As we all recognise, there are circumstances in Northern Ireland that are separate from those that obtain in the rest of the United Kingdom. Therefore, to change the oath in the way provided by the Bill may not perhaps matter if it was not going to cause affront. However, I am afraid that it will cause affront to people who actually represent about two-thirds of the population of Northern Ireland, and who uphold the Union with the United Kingdom.

One looks, therefore, to see whether there is any principle behind the proposal. I cannot see what principle there can be; indeed, principle points in the opposite direction because, forseeably, you will have a court sitting with a judge who has taken one oath while the other judge may have taken another. That is not just untidy; it is undesirable for rather obvious reasons. So what about expedience? Where does the expedience lie? One should perhaps consider the report of the review body. As I said in Grand Committee, the review body argued this case extraordinarily faintly. Indeed, if any noble Lord has the document to hand, the relevant paragraphs are 6.125 and 6.142. It is very much a case of, "Well, it's possible . . . but on the one hand . . . and, on the other . . . it could be an obstacle to people taking the oath".

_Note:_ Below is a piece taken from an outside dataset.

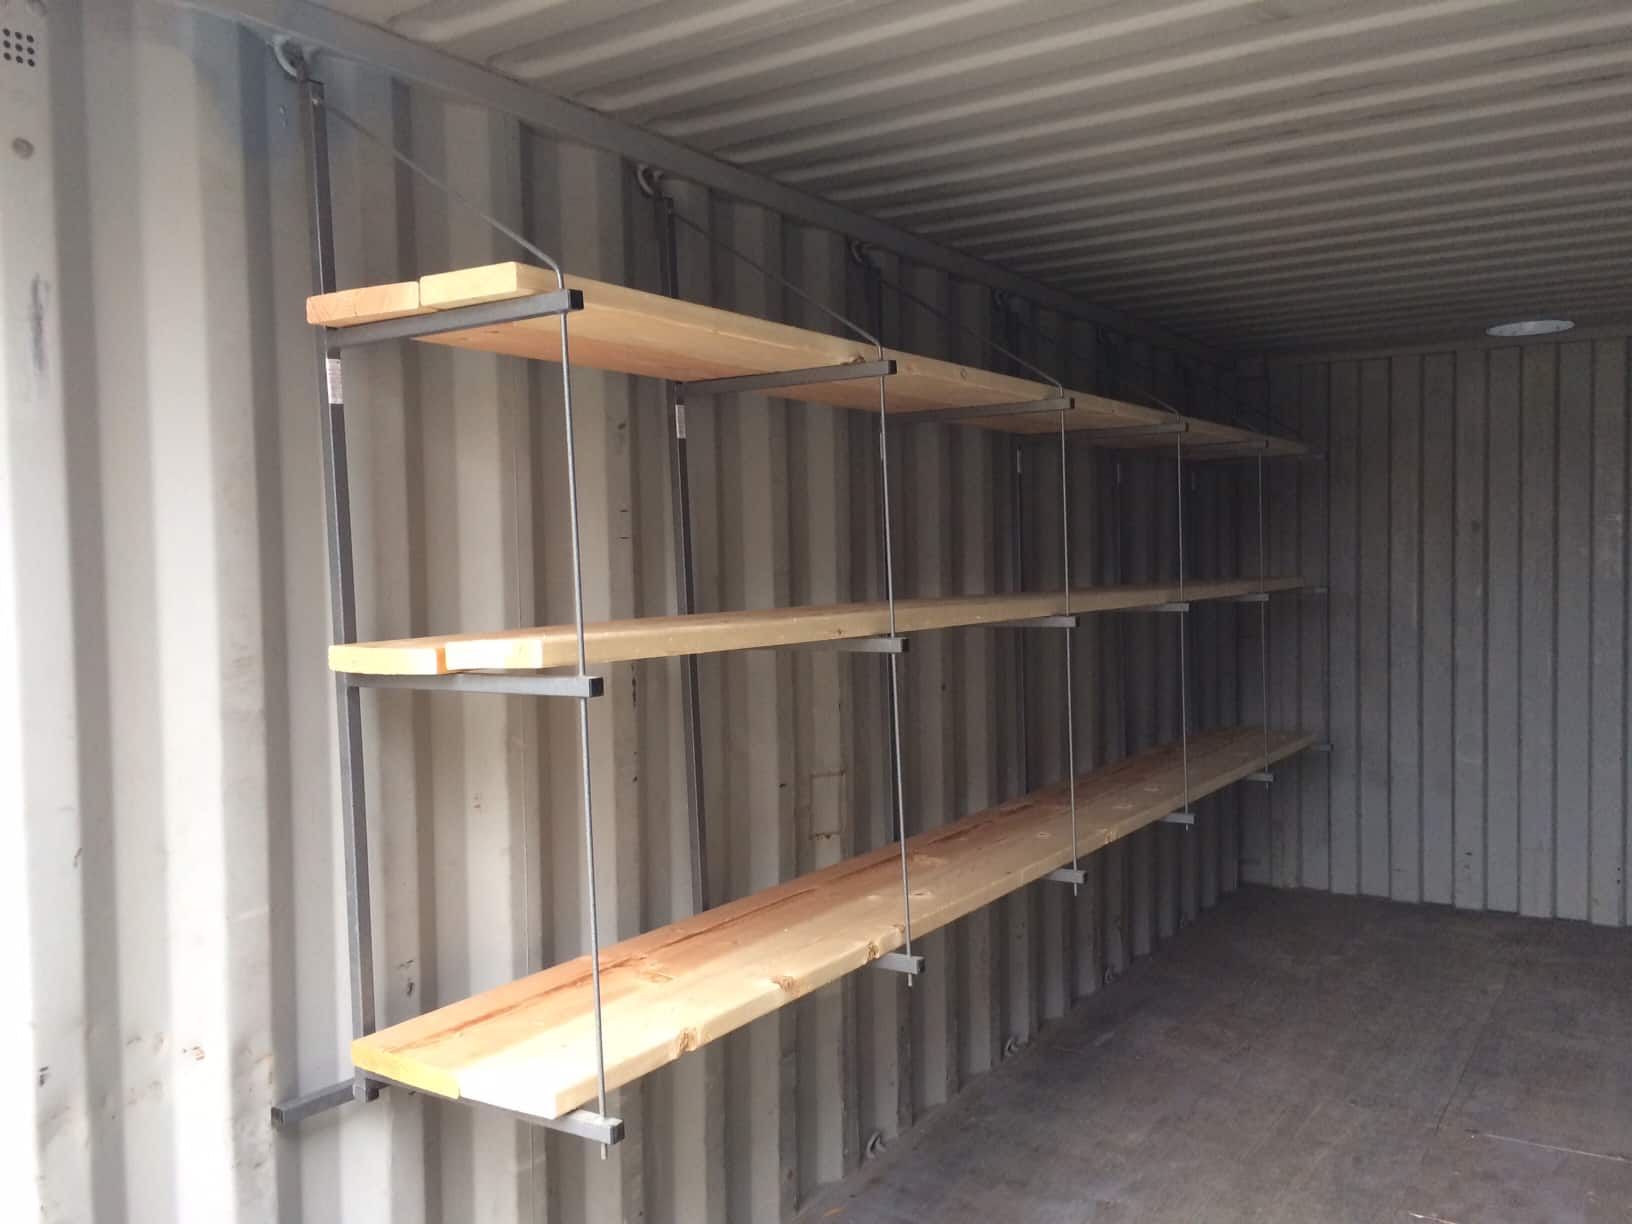 Image of shelves inside storage container
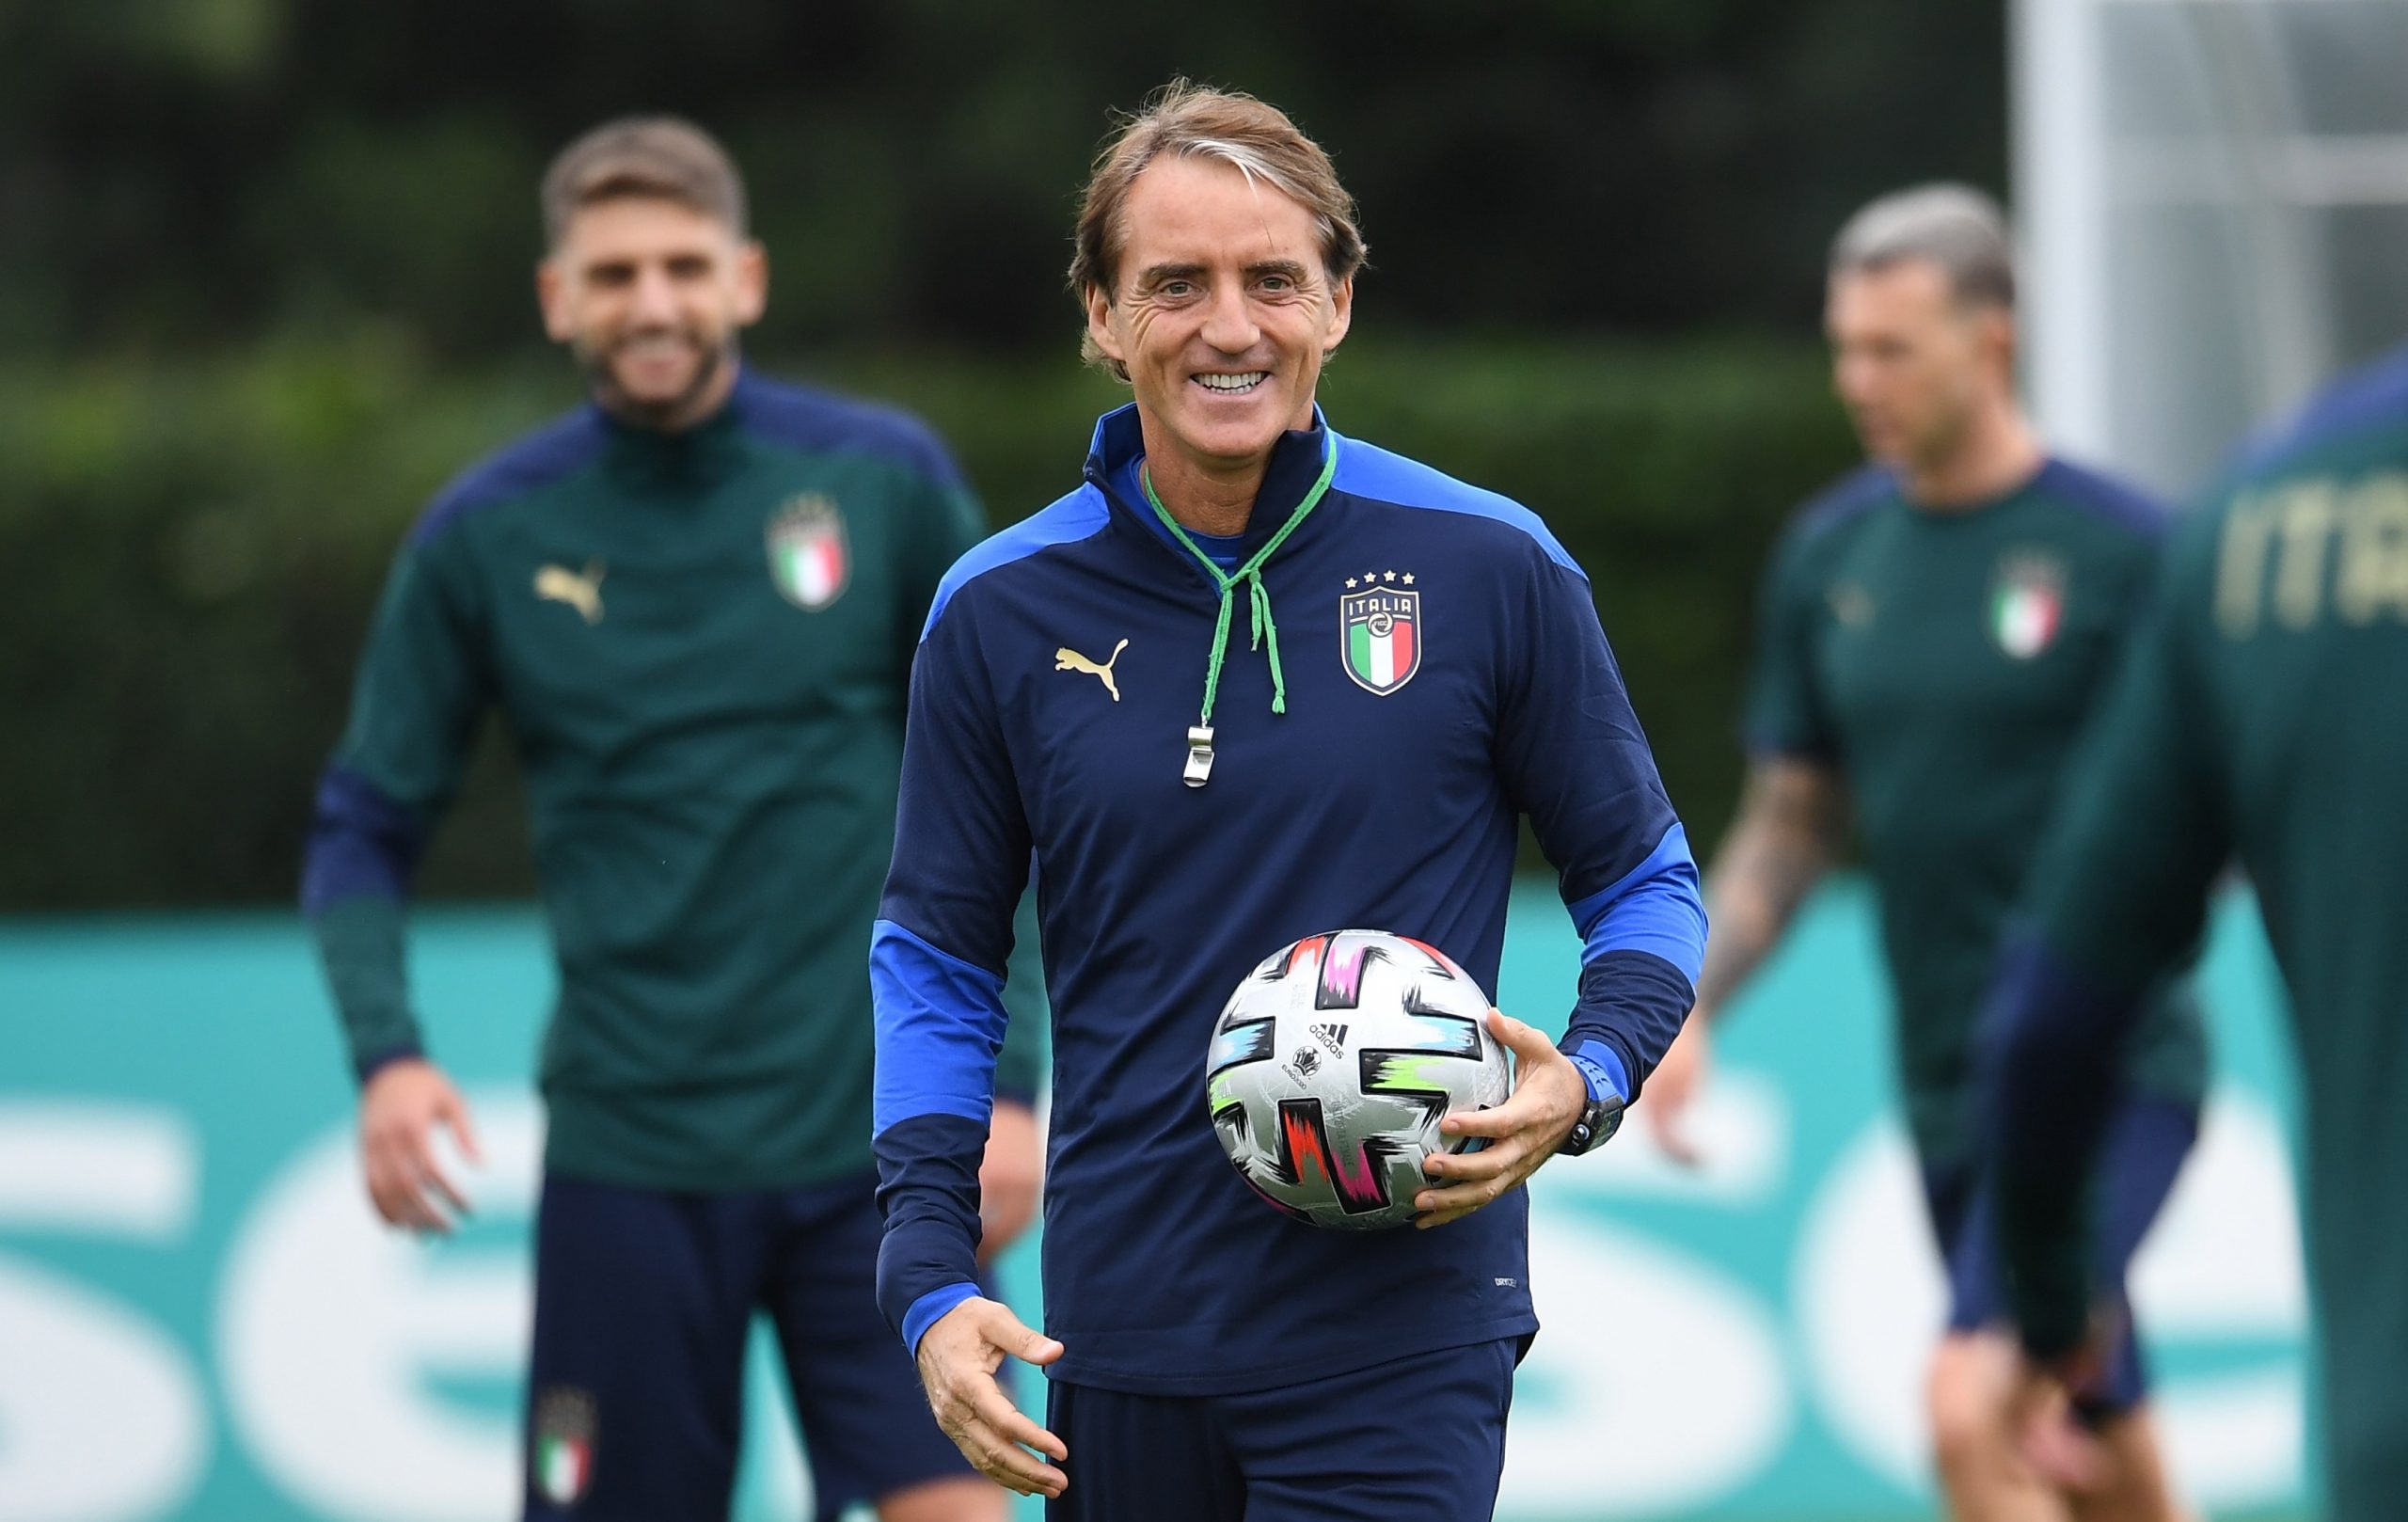 epa09336099 Italy's head coach Roberto Mancini during Italy's training session in London, Britain, 10 July 2021. Italy will face England in their UEFA EURO 2020 final soccer match at Wembley stadium in London on 11 July 2021.  EPA/ANDY RAIN

I have never heard of anyone who has been inhibited from accepting judicial office because of the oath, but perhaps the Minister will be able to enlighten us in this respect. It seems to me to be a wholly disproportionate affront to those who represent the Unionist persuasion in Northern Ireland, which, as I said, is the great majority. It is not an irrational affront. By acceding to this rather tentatively argued case in the review report, the Government would, by implication, be accepting that there was something rather shaming—something that could be criticised—in the oath as it is at present administered. That would be a very grave wrong; it is a wholly rational objection that I believe Unionists take to this proposal. I hope that noble Lords will agree that the downside is wholly disproportionate to whatever advantage there may be to this proposal.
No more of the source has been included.